RALN: Do these drugs also work better in both respects, in terms of joint and skin alleviation of symptoms?
Dr. Schwartzman: The anti‑IL‑17 class was not inferior to adalimumab in terms of their joint disease, and was found to be superior for skin disease. There are some advantages for this class, compared to the TNF alpha medications and certain populations of patients.
RALN: From this study and from others that have been done before yours, what do you think patients are looking for and would most want to see in any new therapeutic agents that may be coming along?
Dr. Schwartzman: Based on the patients' readings of prevention or progression of disease, efficacy of medications remains paramount, which I don't think is a surprising attribute in a medication for patients to value. In terms of other important aspects of medications, adverse effect profile is something that is certainly significant.
This includes infection risk, which as we've touched on a little earlier in the current COVID pandemic, is something that is going to continue to be important to our patients.
RALN: Is mechanism of administration an issue with these patients?
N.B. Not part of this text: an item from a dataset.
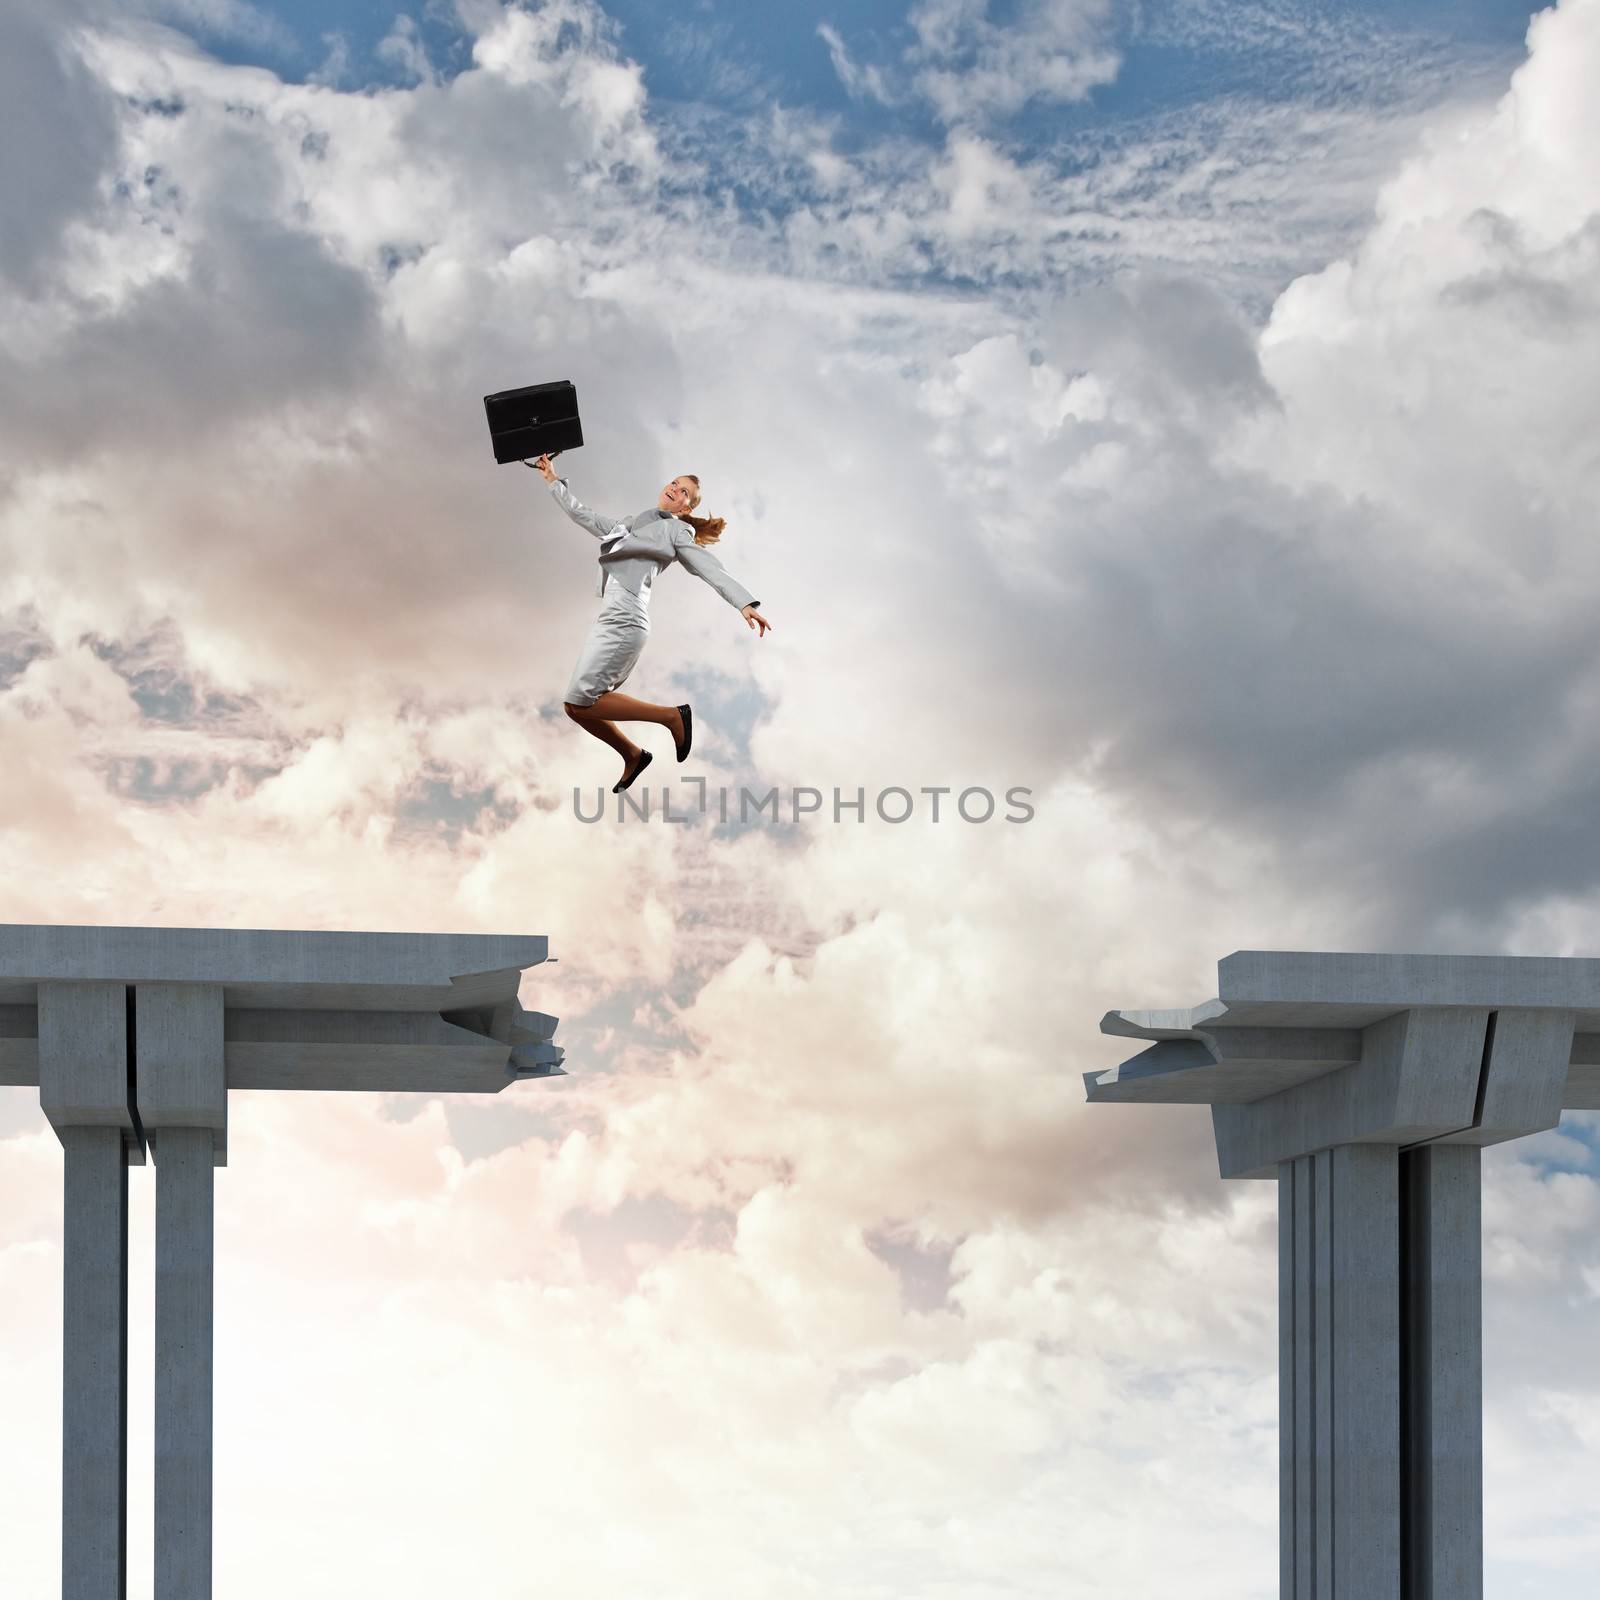 Young woman jumping over a gap in the bridge as a symbol of risk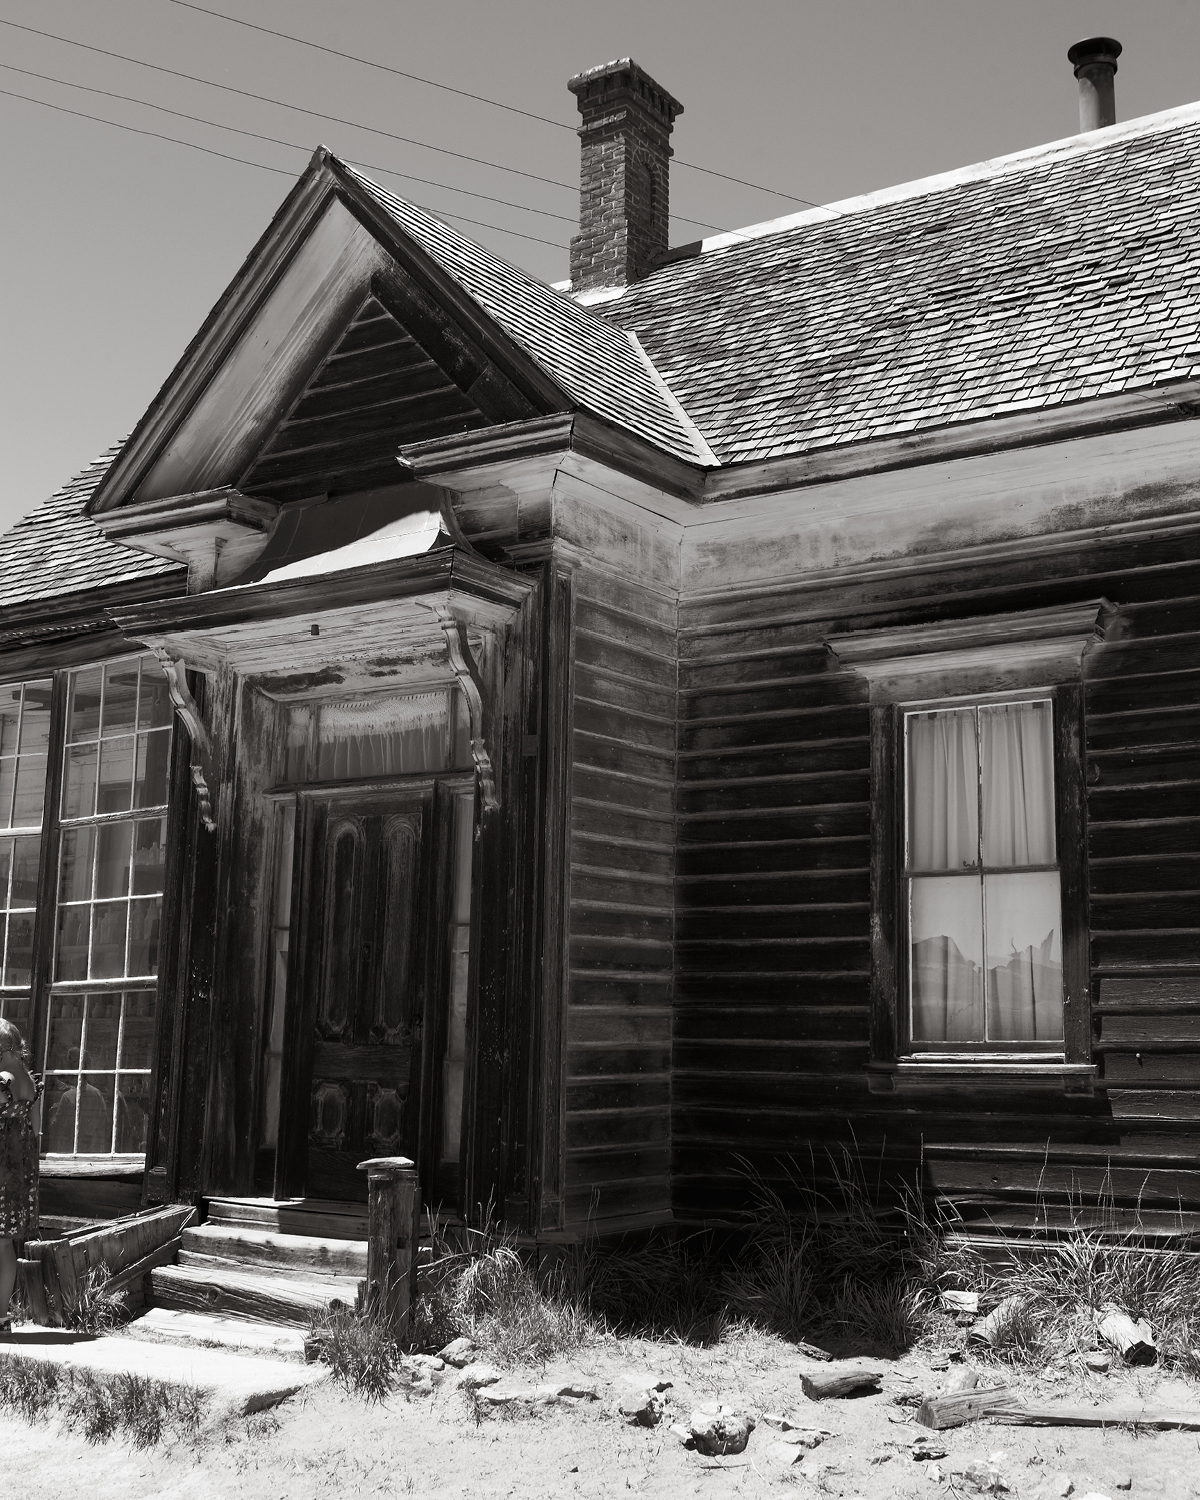  BODIE GHOST TOWN

Dr. Schwartzman: There's some data that showed that mode of administration, so whether they're pills, subcutaneous injections versus intravenous infusions, was significantly important to patients. Those data were sponsored by a pharmaceutical company. There is a little bit of a risk of bias in terms of mode of administration.
We were very interested to see if that data bore out with our patient population. We found that the patients were pretty evenly split across their ratings of mode of administration. I don't think it was something that we can say, from our data, factors into a patient's preferences. We can all imagine, from our clinical experience, that it does certainly come up.
RALN: What's next for you, in terms of further research into these issues?
Dr. Schwartzman: Next steps that we would be interested to see, we've looked at medication practices and patterns, as well as patient preferences. It would be important for us to look at the physician side to see what the physician preferences are in terms of choosing medications for our patients, prescribing medications, and prescribing medications for our patients.
It's important to ensure that both physicians and patients are both aligned in terms of therapy in order to ensure our patients have the most effective care.
RALN: Very good. Thank you so much for joining us today. We look forward to speaking to you again in the future after you have conducted some additional research in this area.
Dr. Schwartzman: Thanks so much. It was a pleasure being here.